Swarming is what bees do – if they are healthy they will swarm, so take that on board and you won’t be disappointed.
Swarm prevention is what you do before you find cells with larvae in them. If you find cells with larvae in them – you’re into swarm control.
The causes for swarming are gone into in these posts:
Swarm Prevention Measures
Space – Make sure the bees always have loads of space. If they are covering the top bars of the box when you remove the crown board you’re late! You should have had another super on there well before then. If you think about it, 2,000 bees per day are hatching at the height of the season so if you visit your bees once per week then 14,000 will have hatched since the last time you were there and another 14,000 will hatch before your next visit. Super before you need to. Super for bees and hope for honey.
Ventilation – is less of an issue if you are using mesh floors. If you are on solid floors – set your hive the ‘cold way’ for the summer ie frames perpendicular to the entrance and open the feed holes in the crown board.
Early splits – any hives with 9 frames of brood are ripe for splitting. If you do this before the middle of May there is a chance you could get a honey crop from both halves and neither half should swarm. That’s the theory.
- First make sure there are no queen cells;
- Get a nuc box;
- Add the queen – on the frame she is found;
- Two more frames of brood with adhering bees;
- A frame of pollen;
- A frame of stores;
- Shake in a few more bees;
- Strap it up and move to an out apiary.
- The other half will now make queen cells and unless it is very strong it shouldn’t swarm.
Equalise – This is a very useful in that it slows down your strongest hives and speeds up the weak one. Equalising the stocks in an apiary and getting them all to the same stage at the same time makes it easier to manage them. Here’s what to do:
- Go to your weakest hives first and leave out a broodless frame from each of them;
- Then go to your strongest hives;
- Remove enough frames of emerging or capped brood to add to the weak ones;
- Shake off the bees;
- Add the emerging brood into the brood nests of the weak hives and add the broodless frames into the strong hives;
- DO NOT ADD FRAMES OF EGGS OR LARVAE TO WEAK HIVES – THEY WILL NOT BE STRONG ENOUGH TO REAR THEM;
- Don’t add more than one frame at a time – there probably won’t be enough bees to cover them and you’ll be looking at chilled brood on your next visit.

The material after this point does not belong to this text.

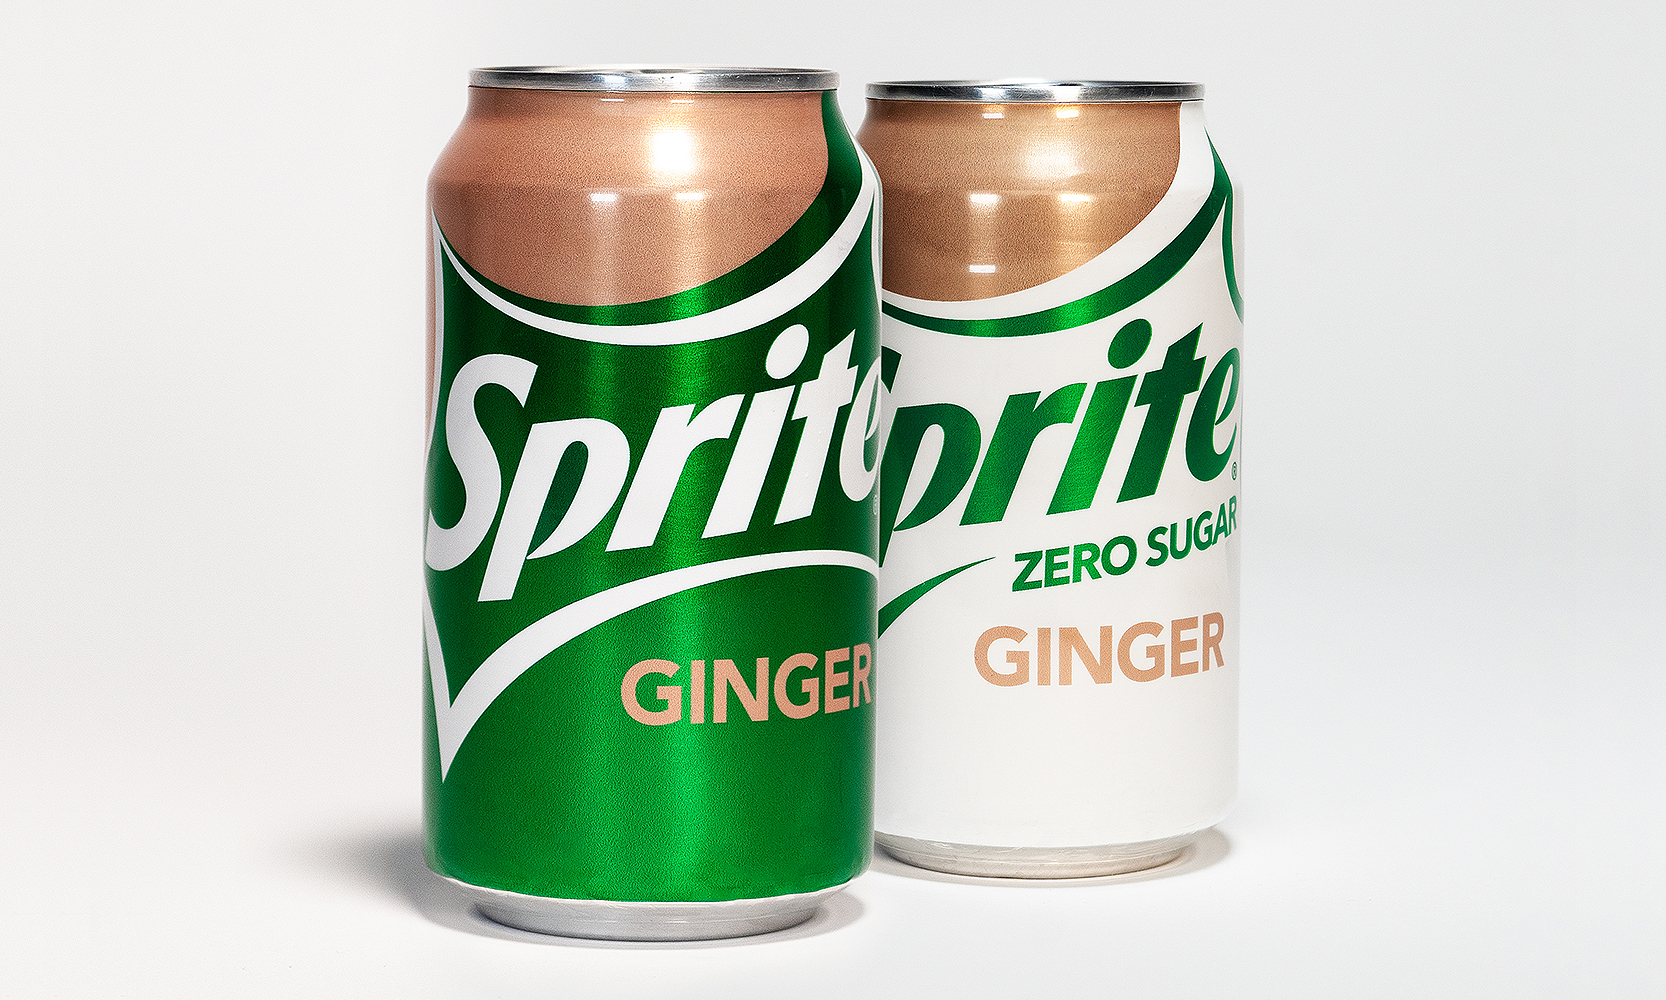 可口可乐公司推出全新 Sprite Ginger 口味饮料

Demaree – For strong colonies with 9-11 frames of brood and no queen cells in one or two brood boxes. If the colony is in one box – you’ll need another one equipped with drawn combs and foundation plus stores.

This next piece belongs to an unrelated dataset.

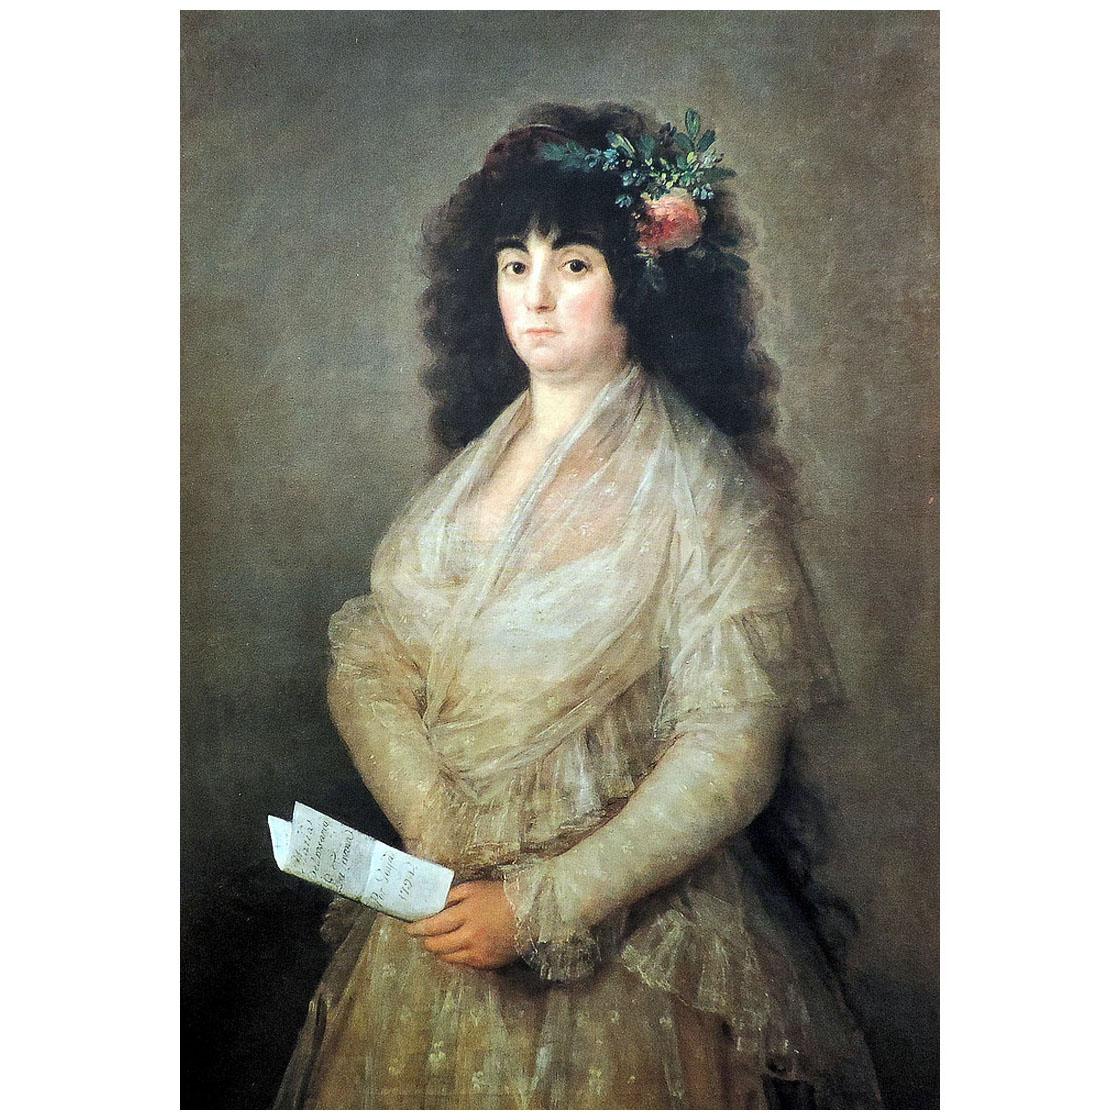 Francisco de Goya. La Tirana. 1794. Private collection

- Find the queen and set her to one side in a nuc box, on the frame she was found;
- Make sure there are no queen cells anywhere;
- If the bees are in a double brood box, rearrange the frames so that most of the unsealed-est brood is in one box (box B) – if there is any left over, try and put the sealed-est brood in the other box (box A);
- Leave a space in the middle of box A;
- Put the frame with the queen on it into the middle of box A with the sealed brood which will soon hatch leaving more space for her to lay into;
- Rebuild as follows – floor, box A, queen excluder, supers, queen excluder, box B, crown board, roof;
- If the bees are in single box, put the new box of fresh combs (minus the middle one) on the floor as box A, put the queen on the frame she was found, into the space in the middle then rebuild as above.